By assessing the stream and wetlands and monitoring groundwater, Biohabitats determined anthropogenic ditching and pond development had contributed to compromised water resources and channel incision in the Middle Branch Patuxent River and its tributary.
Rather than “chasing” the groundwater with large excavation efforts, Biohabitats developed a design based on minimal grading and creative modifications to surface water drainage patterns. This approach raises the groundwater table, extends near-surface saturation, and preserves existing on-site floodplain forest and wetlands.

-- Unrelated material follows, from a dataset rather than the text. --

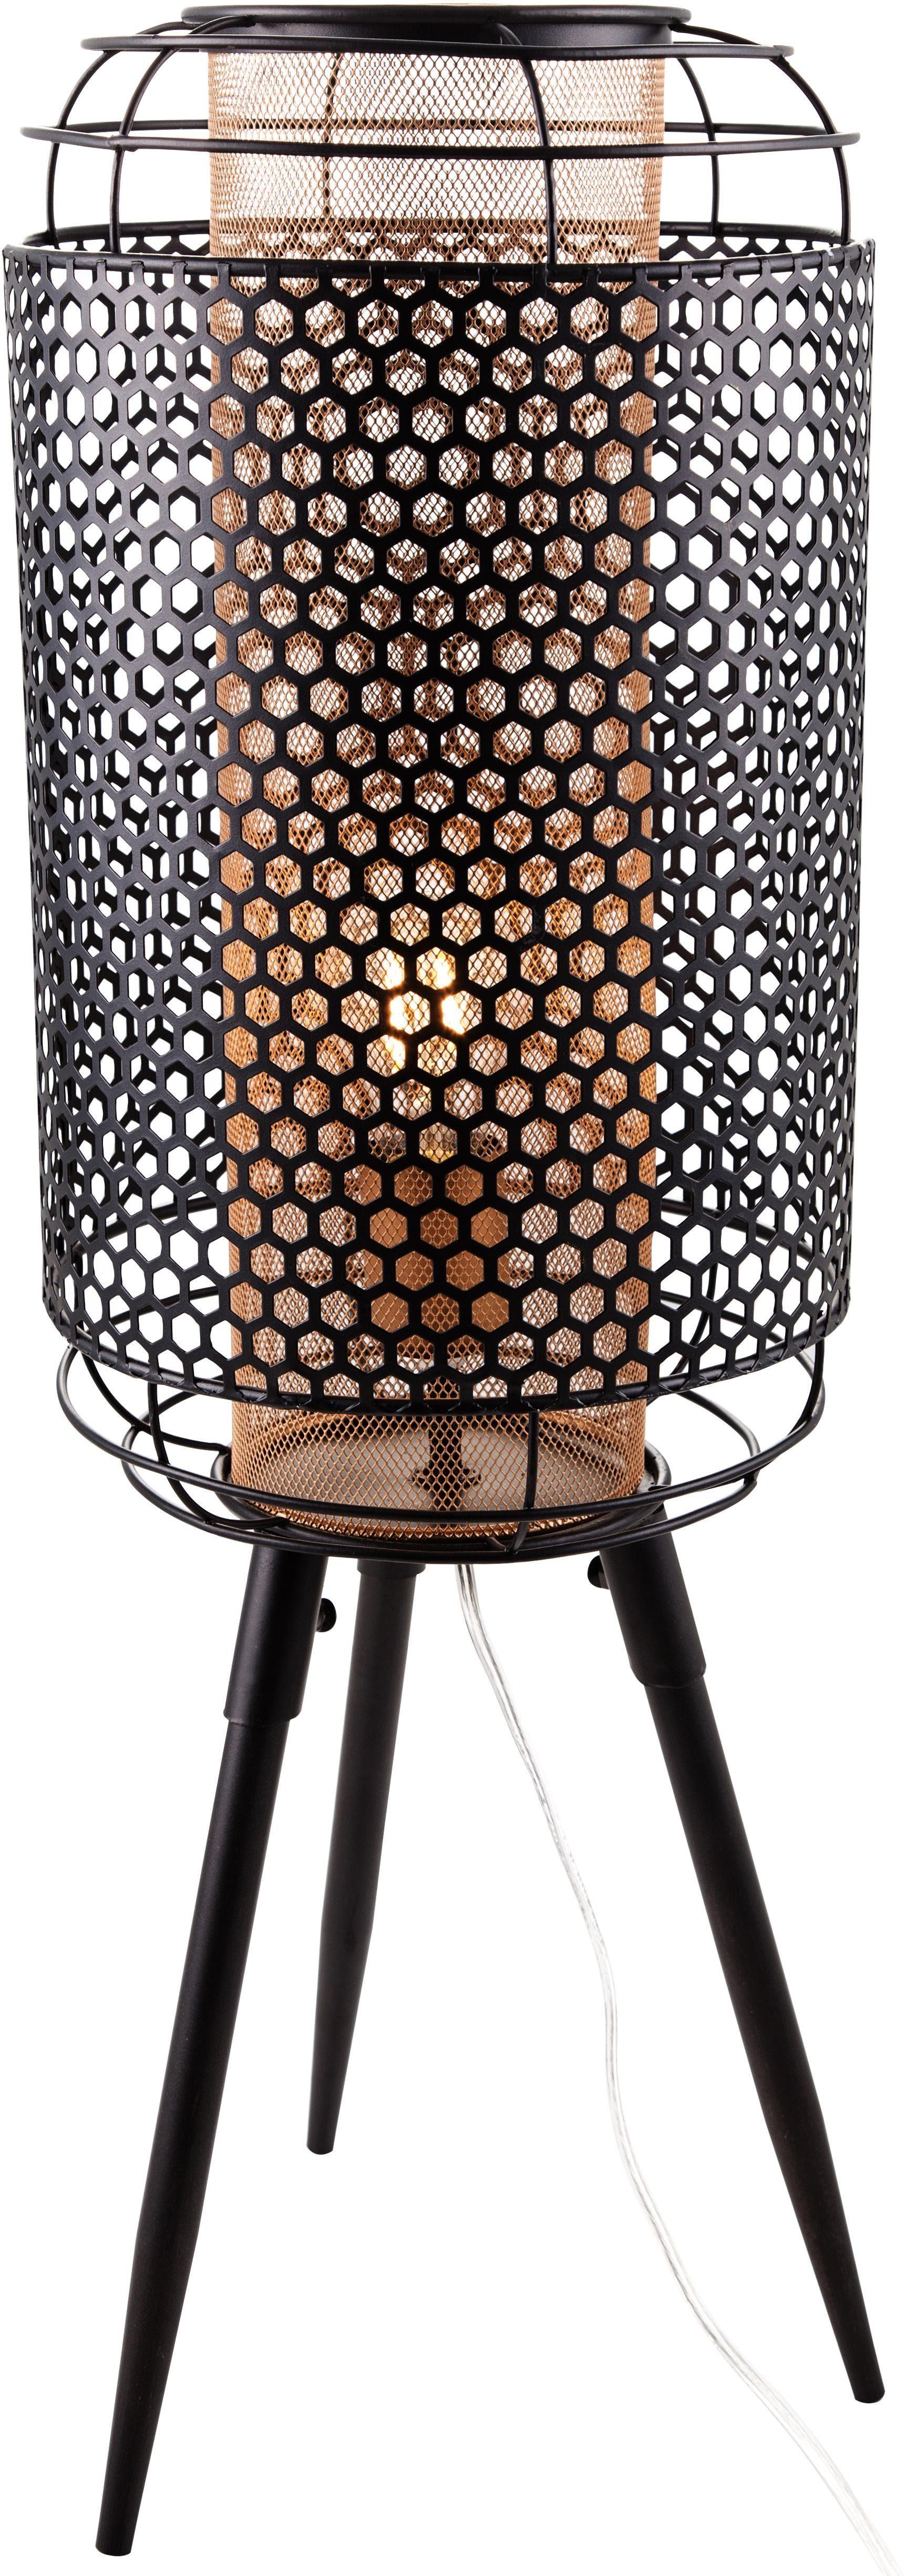 Nino Leuchten LED Tischleuchte Denton, E27, 1 St., Warmweiß, Höhe 70,5 cm, Durchmesser 24 cm

Biohabitats also integrated “regenerative stormwater conveyance” principles with more traditional stream restoration techniques to improve channel-floodplain connections.

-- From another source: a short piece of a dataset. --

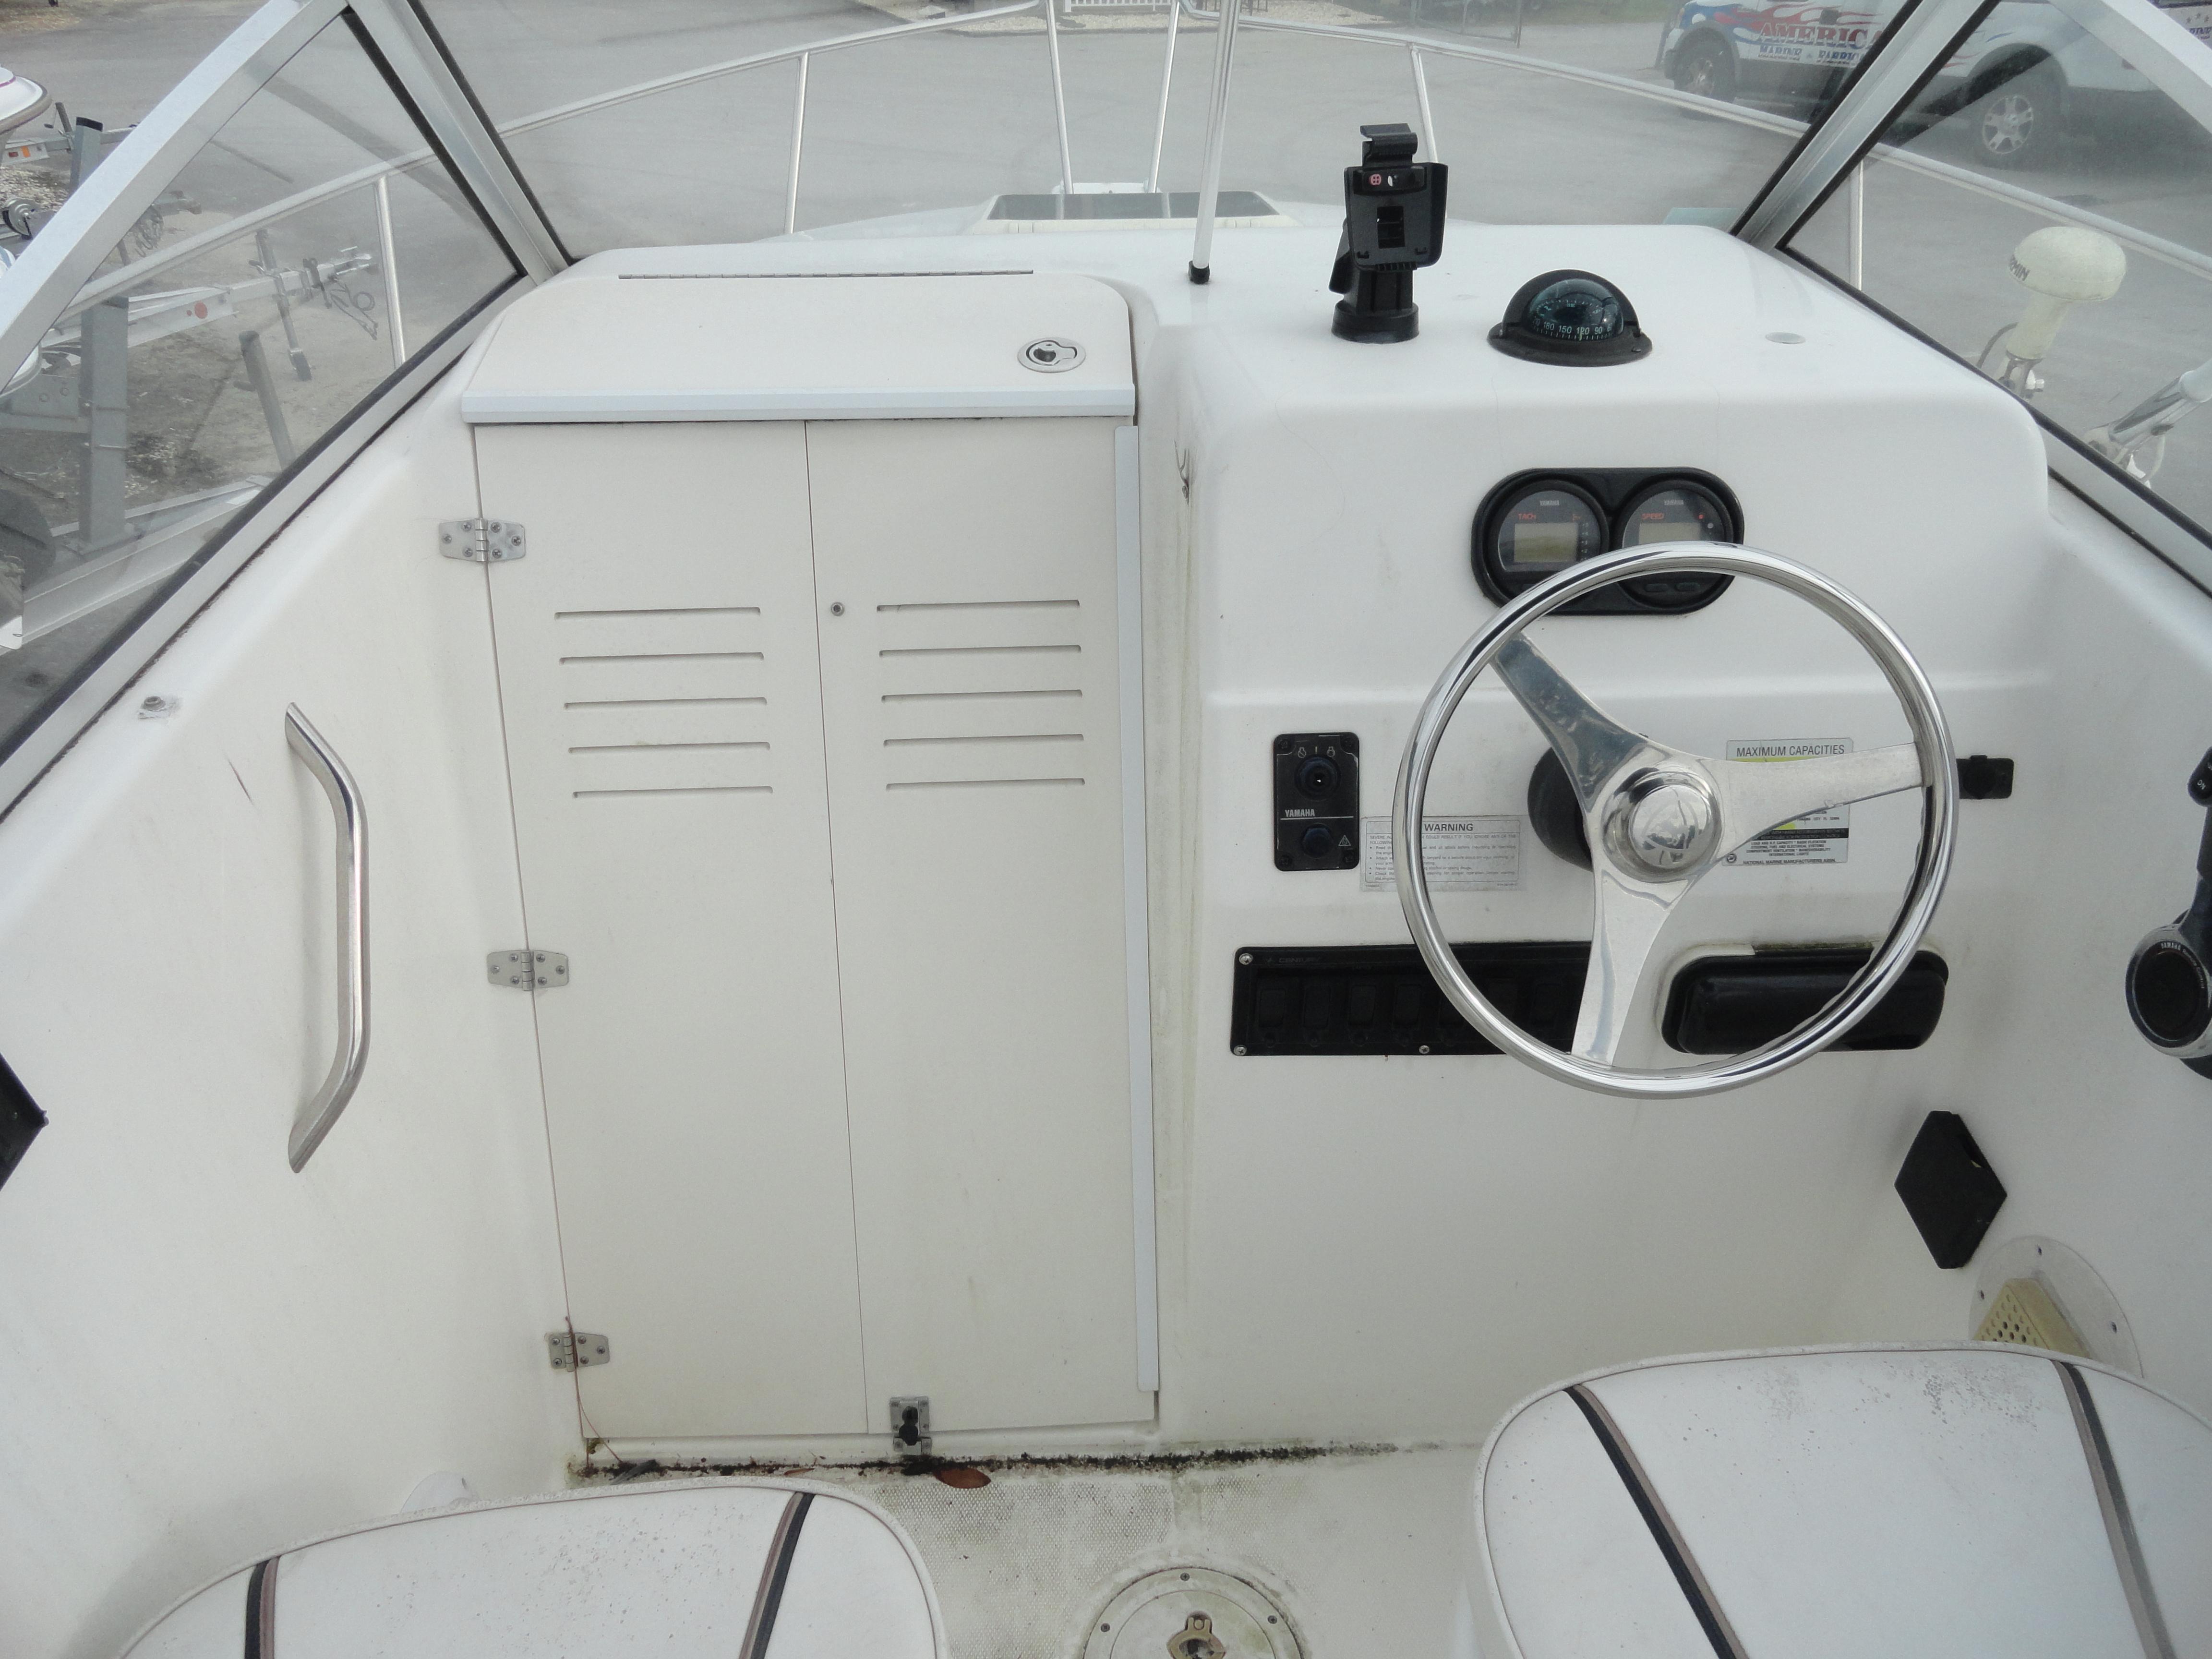 https://0201.nccdn.net/4_2/000/000/017/e75/Davies--Front-of-boat-4608x3456.jpg

The design involved redirecting tributary flow into the site with a new channel design; plugging a historic agricultural drainage ditch at critical locations; modifying an existing pond; installing bentonite plugs along the abandoned tributary to form vernal pools; and creating shallow depressions and berms to restore wetlands, surface streams, groundwater resources, and floodplain connection. Biohabitats also provided construction management services to ensure compliance with the design intent and to address any unexpected field conditions.
Early monitoring efforts suggest that the project is having significant positive effects on the groundwater and wetland hydrology of the floodplain, and will expand wetland distribution and extend wetland hydroperiod. The project is generating 7.5 acres of wetland, 1,300 lf of stream, and 8.4 acres of forest creation, enhancement, and preservation mitigation credits, as well as extensive bioretention. Due to the creative measures employed in the design, the project mitigation and bioretention value is estimated at twice the actual project cost.